Second, French points out that police “typically” do not carry revolvers but assault weapons. He then asks, “if a person doesn’t ‘need’ a high-capacity magazine to defend himself, then why do the police use them?” But the police are not in the business of personal defense. Their purpose is defense of the citizenry at large, apprehension of criminals, and prevention, when possible, of criminal activity. All these purposes go beyond personal defense. Differences in the weapons used for the personal-defense purposes of private citizens and the law-enforcement purposes of police should be expected.

Not to mention that there are reasonable questions about whether even police should be “ramping up” their weapons of choice. The United States’ model of law enforcement is not the only one; most British police do not carry guns. It is beyond the scope of this essay to address this issue, but it should not be assumed that a police arms race is the only, or most rational, approach.

Third, we should inquire more closely into the right of self-defense. French undoubtedly believes, as do many, that this right encompasses a right to intend the death of an attacker. But as Thomas Aquinas famously argued, intentional killing in self-defense is wrong.

One does have a right to self-defense, and indeed to the use of force in self-defense. Such force may be lethal, but for one with an upright will, the lethality is outside the intention, a side effect. Even when I shoot my attacker, my intention should be merely to repel him so as to stop his aggression.
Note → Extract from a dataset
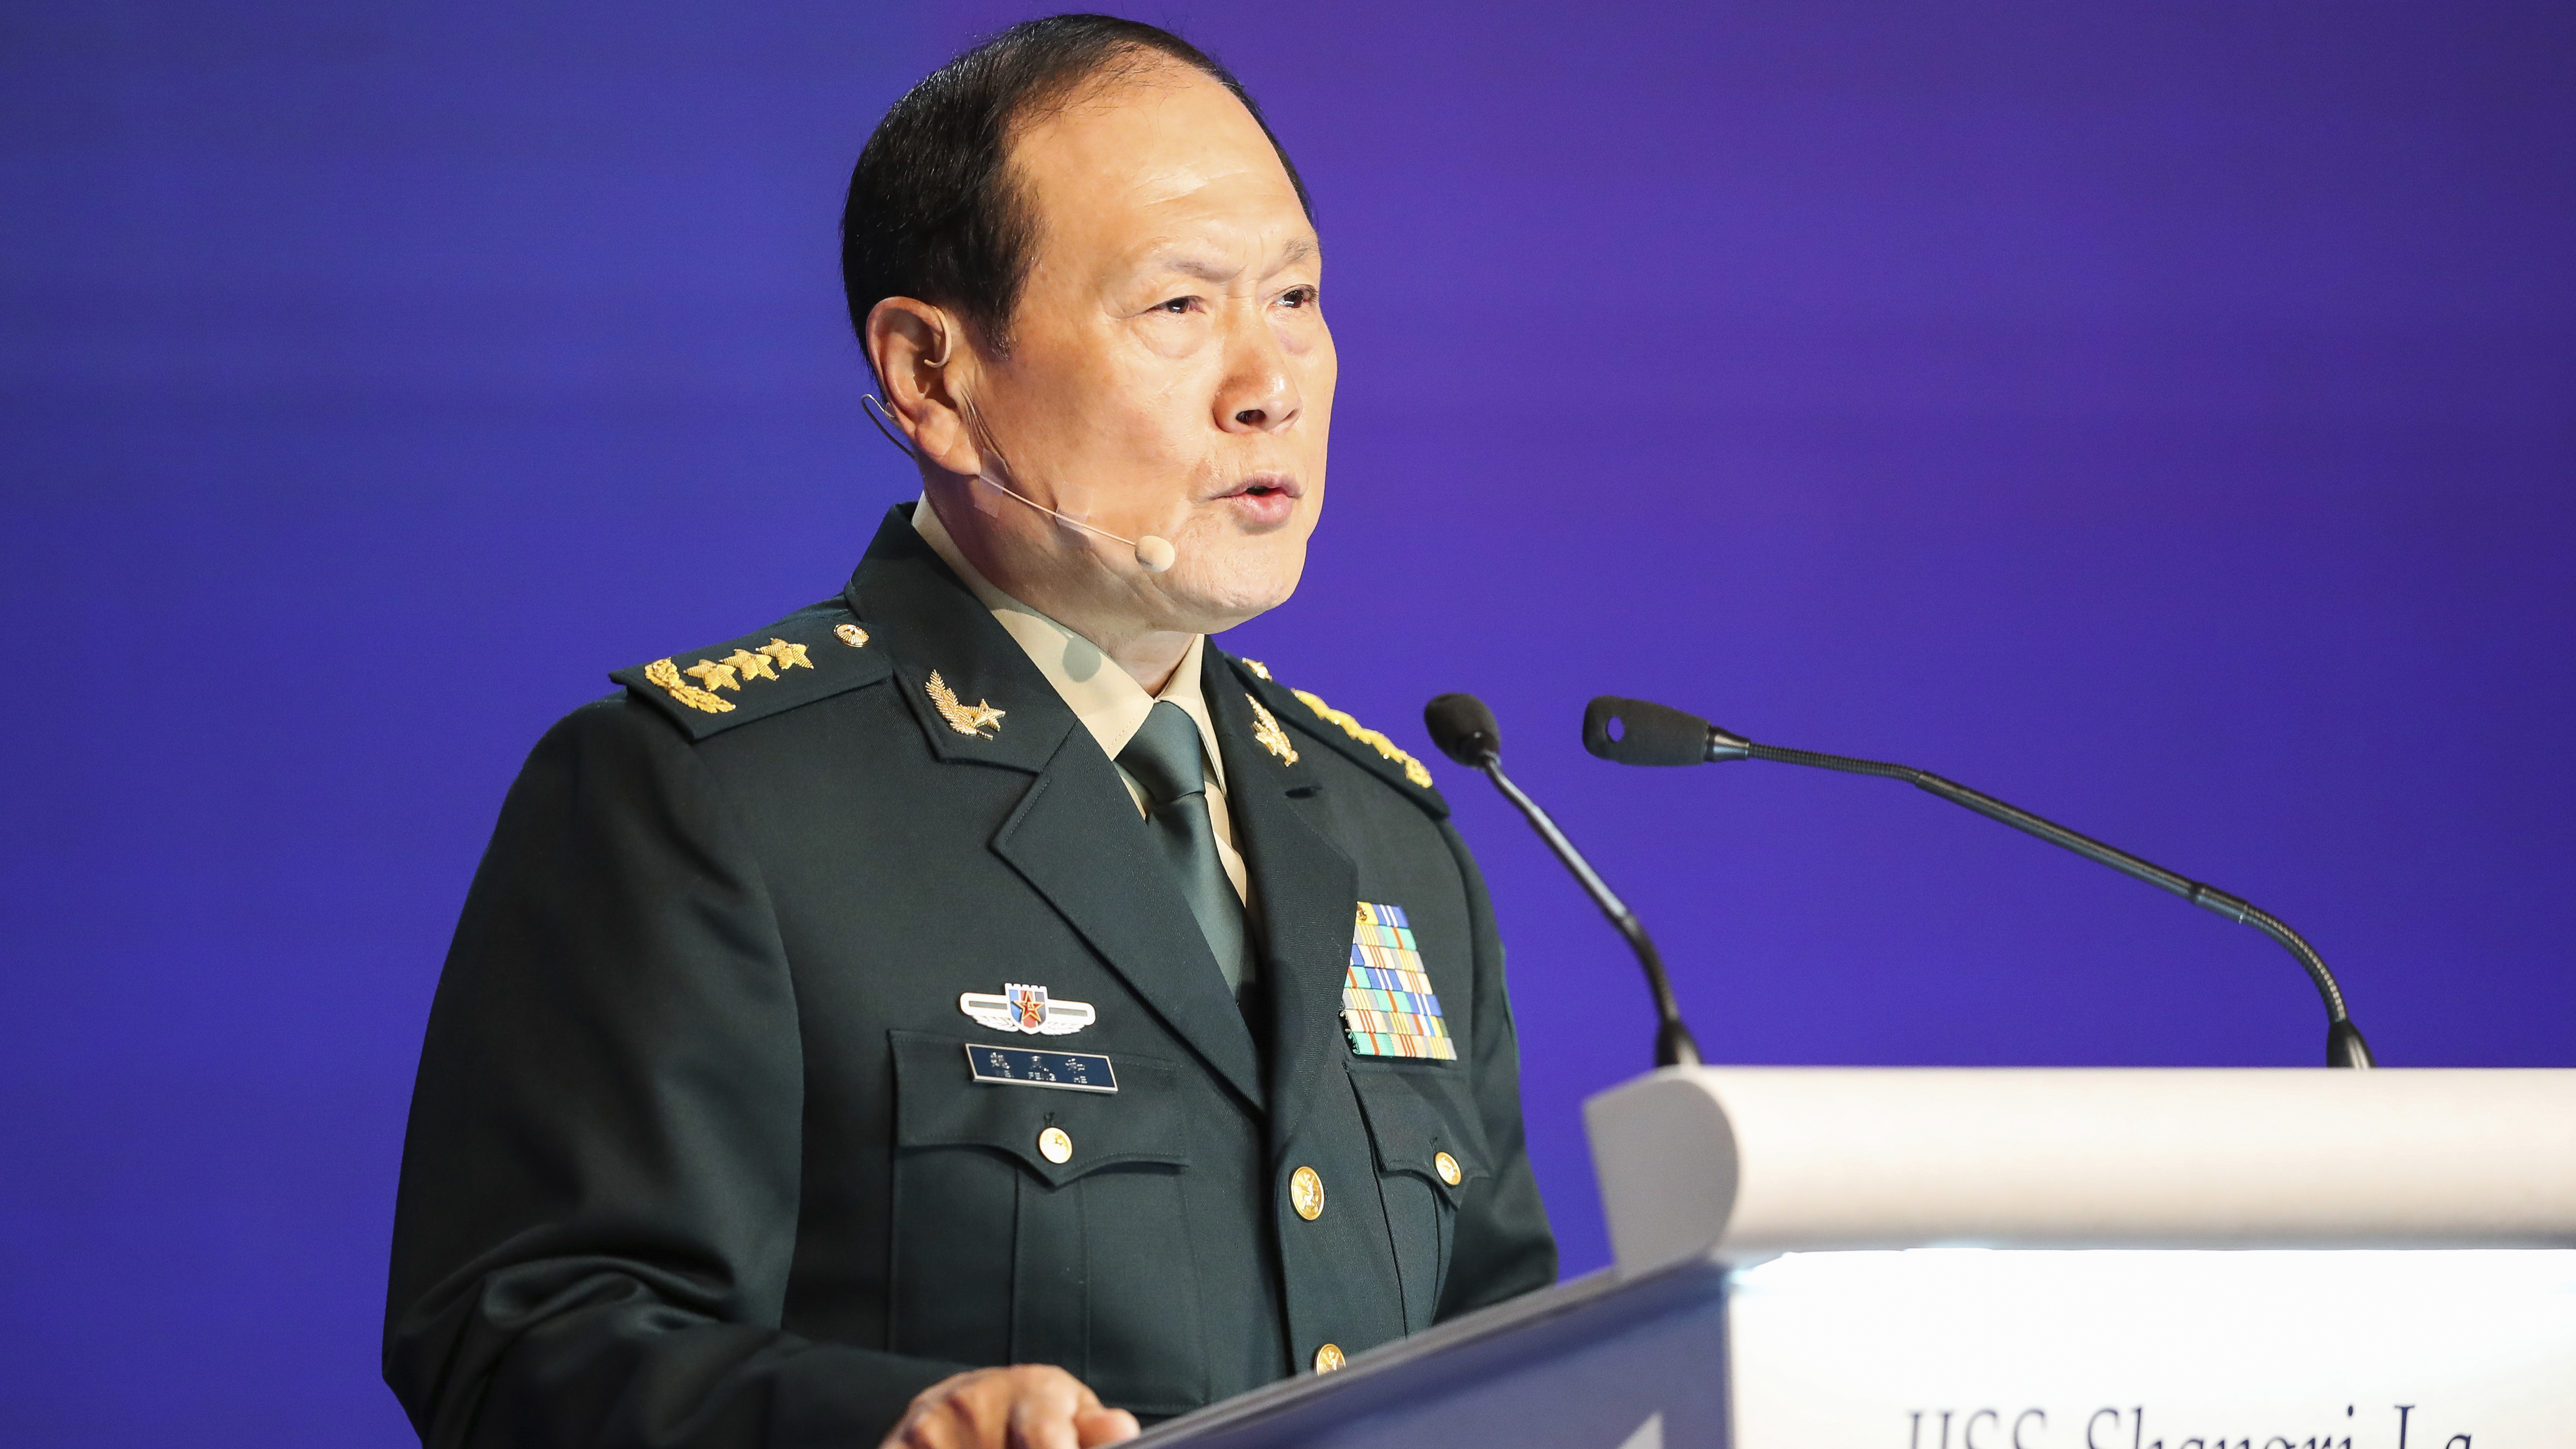 China's Defense Minister General Wei Fenghe speaks at a plenary session during the 19th International Institute for Strategic Studies (IISS) Shangri-la Dialogue, Asia's annual defense and security forum, in Singapore.

That is why, having incapacitated an attacker, it would be wrong to finish him off with another shot.

Now, the mere choice of weaponry does not determine intention: one might intend death while wielding a knife, and intend only defense while launching an anti-aircraft missile at a terrorist-piloted airplane.

But one’s intentions shape and can be shaped by the instrumentalities one adopts. If one intends to kill anyone who invades one’s home, one will probably opt for something one expects to do that more effectively. And if one has at hand a weapon that can easily and lethally wipe out a perceived threat—such as the threat posed by teenagers with a knife and brass knuckles—then one may be tempted to respond not with appropriate force, but with intentionally lethal force.

Conservatives say often that the law teaches. That is true. A law that makes weapons such as the AR-15 available seems to teach that private citizens are entitled to use the same kind and amount of force, and with the same intention, that police are. That, I think, is an error.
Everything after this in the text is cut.